● **Task instructions**
Beginning with the line that holds "Функциональная рубашка Adidas" and ending with the last line of the entries, please output each line exactly, apart from any pictures.

Stored data:
- Opening Delimiter -
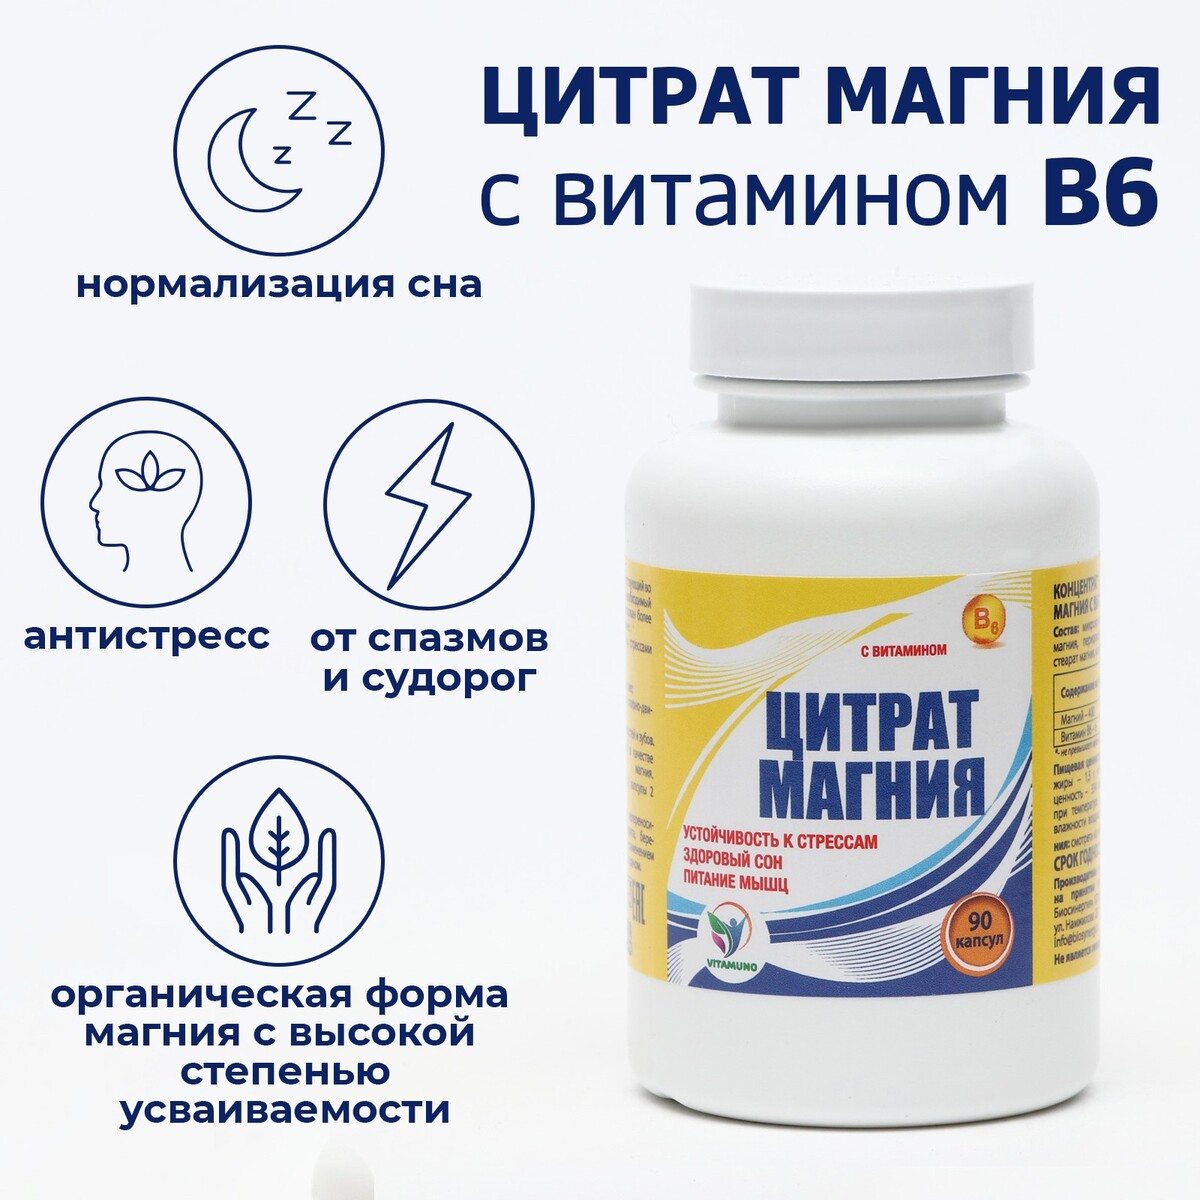 Цитрат магния с витамином в6 vitamuno, для борьбы со стрессом и усталостью, 90 капсул радикал 165 сантиметров борьбы
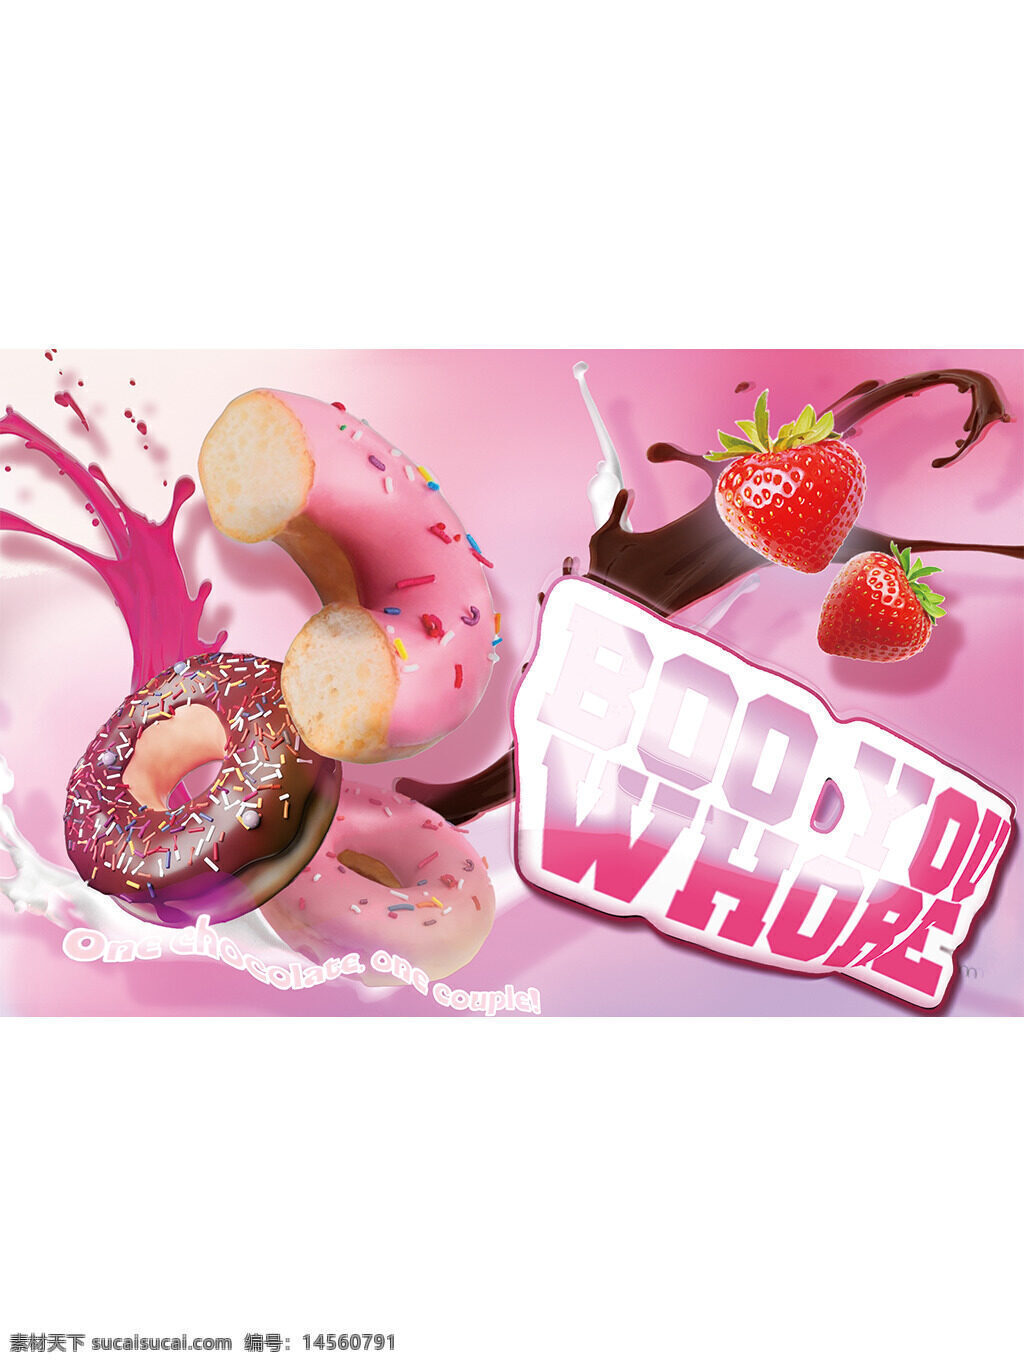 甜甜圈海报 美食 甜品 甜品广告 美食广告 推广海报 促销海报 品牌广告
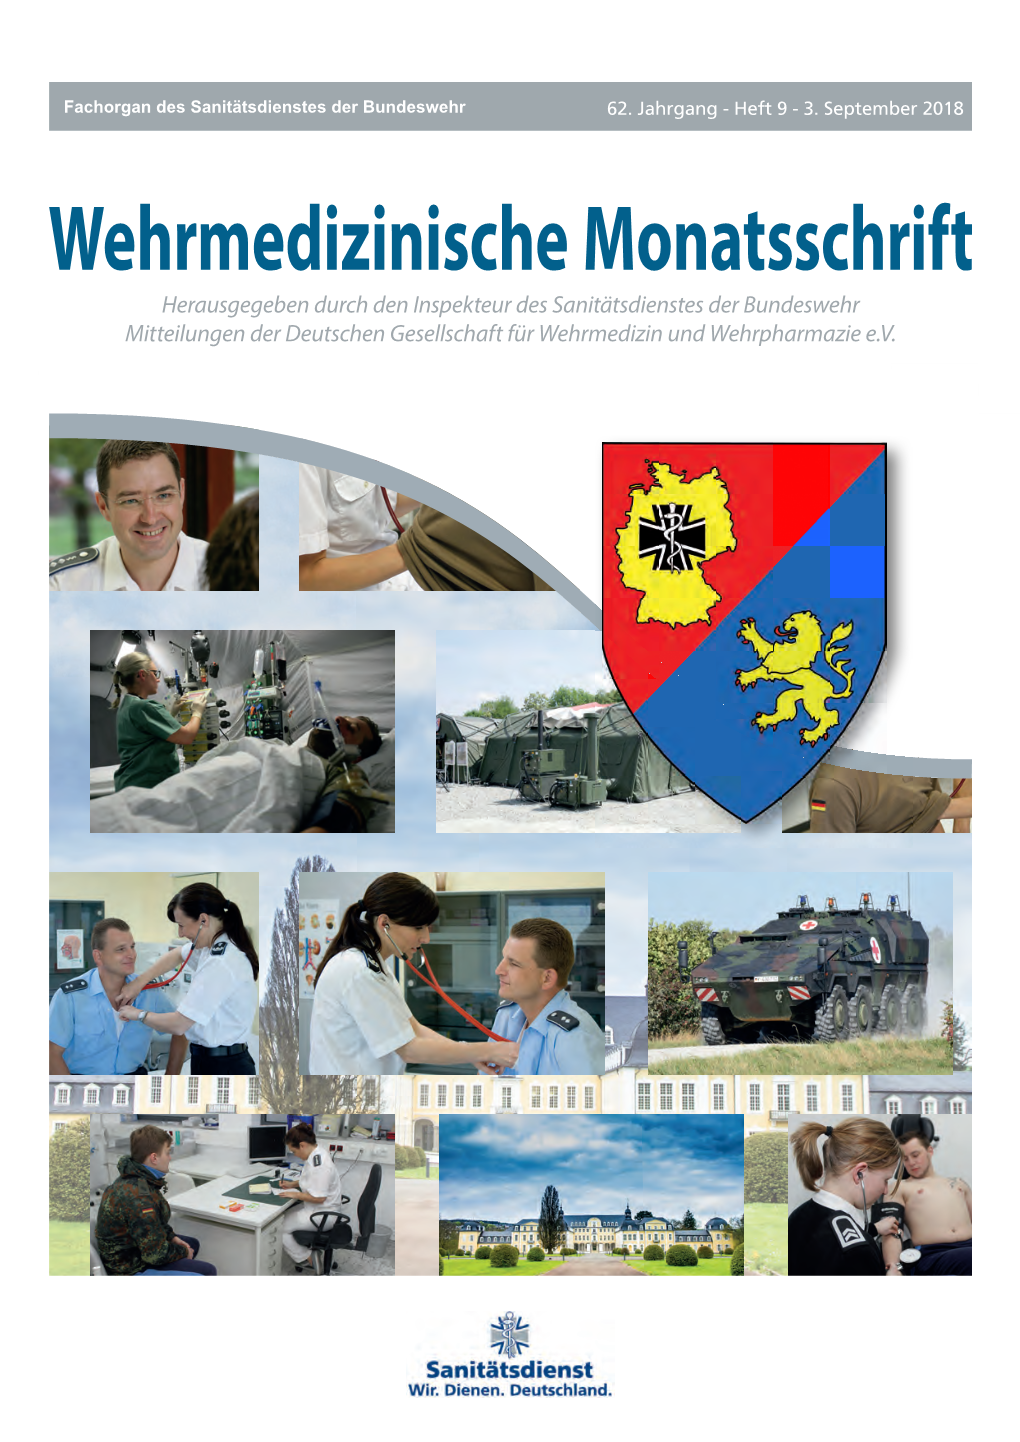 Herausgegeben Durch Den Inspekteur Des Sanitätsdienstes Der Bundeswehr Mitteilungen Der Deutschen Gesellschaft Für Wehrmedizin Und Wehrpharmazie E.V
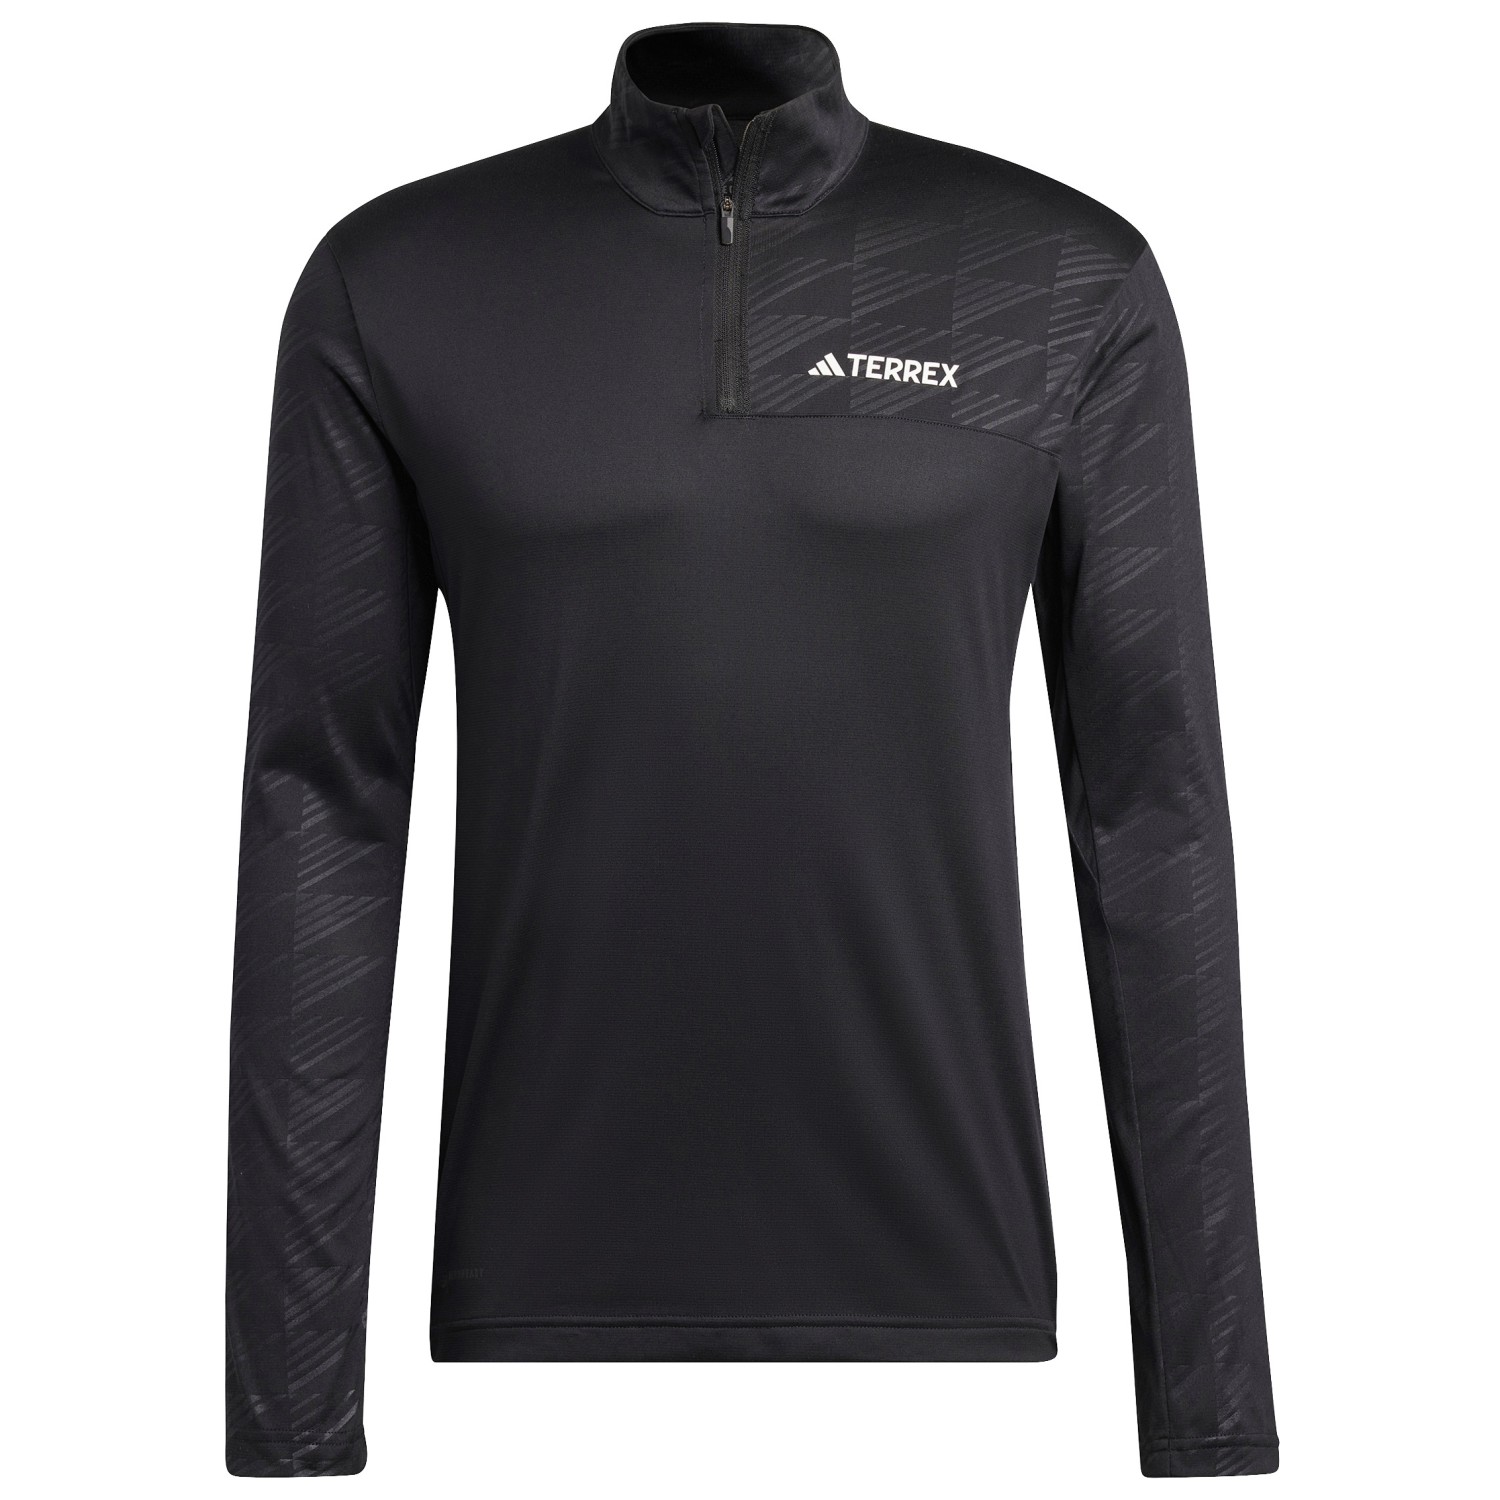 Функциональная рубашка Adidas Terrex Terrex Multi Half Zip Longsleeve, черный
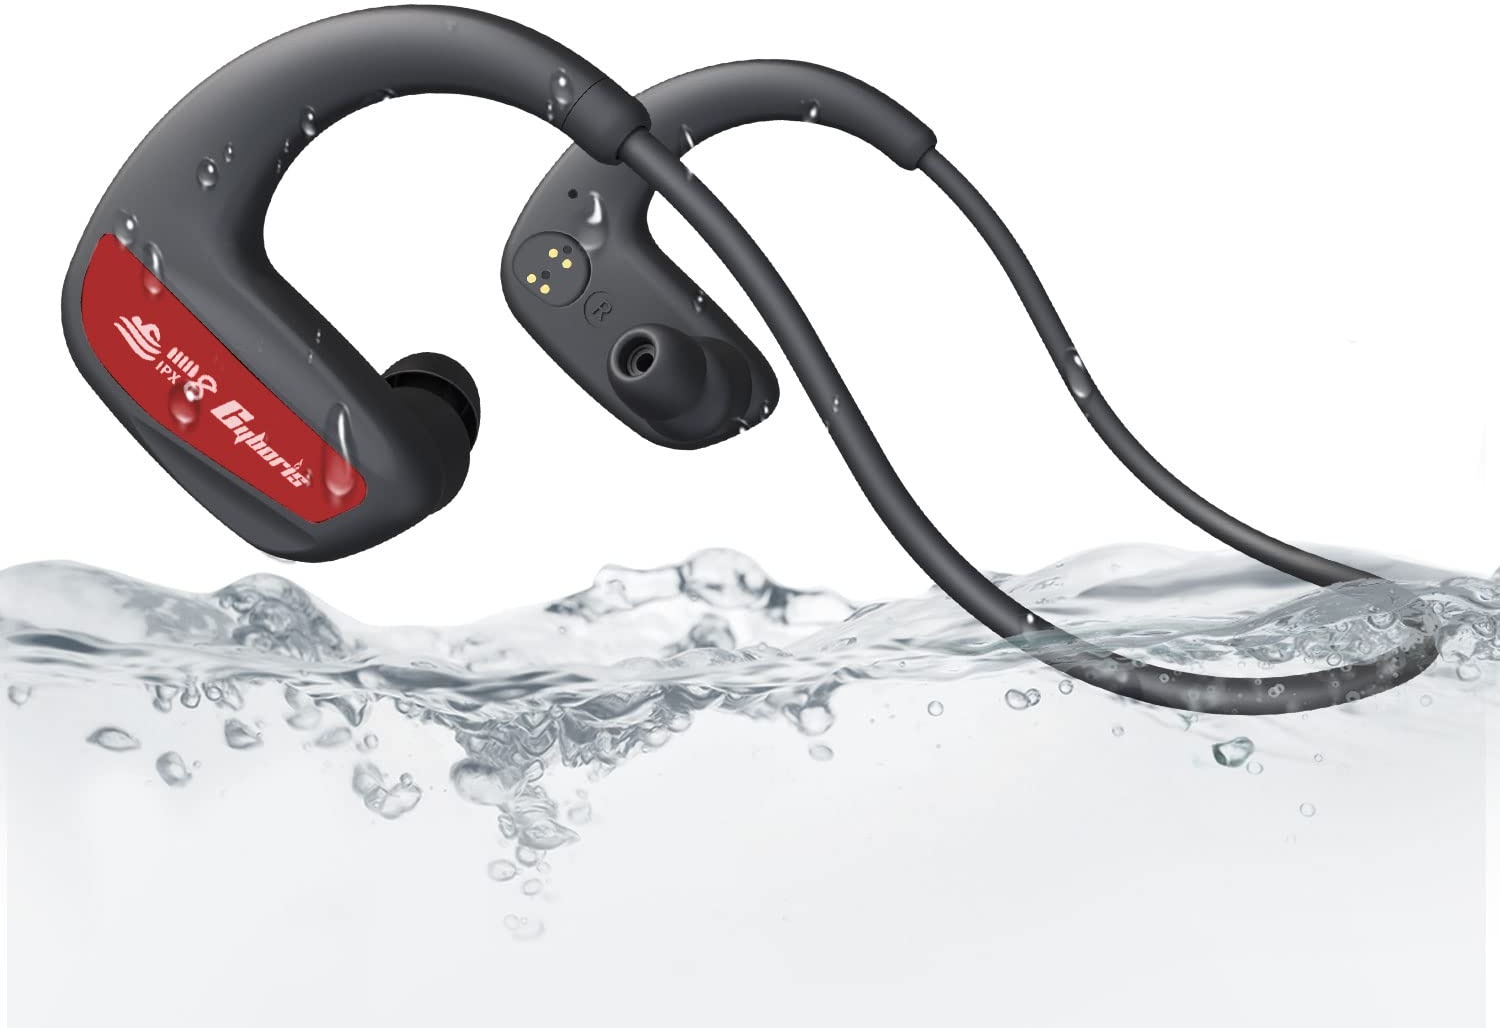 CYBORIS wasserdichte Kopfhörer Schwimmen, Bluetooth Kopfhörer In-Ear IPX8 MP3 Kopfhörer 16GB - Mit Knochenschall wasserdichte Lautsprecher, Kabellose Sportkopfhörer für Laufen, Tauchen, Schwimmen
- Closing Delimiter -
● **Task answer**
 Функциональная рубашка Adidas Terrex Terrex Multi Half Zip Longsleeve, черный
 CYBORIS wasserdichte Kopfhörer Schwimmen, Bluetooth Kopfhörer In-Ear IPX8 MP3 Kopfhörer 16GB - Mit Knochenschall wasserdichte Lautsprecher, Kabellose Sportkopfhörer für Laufen, Tauchen, Schwimmen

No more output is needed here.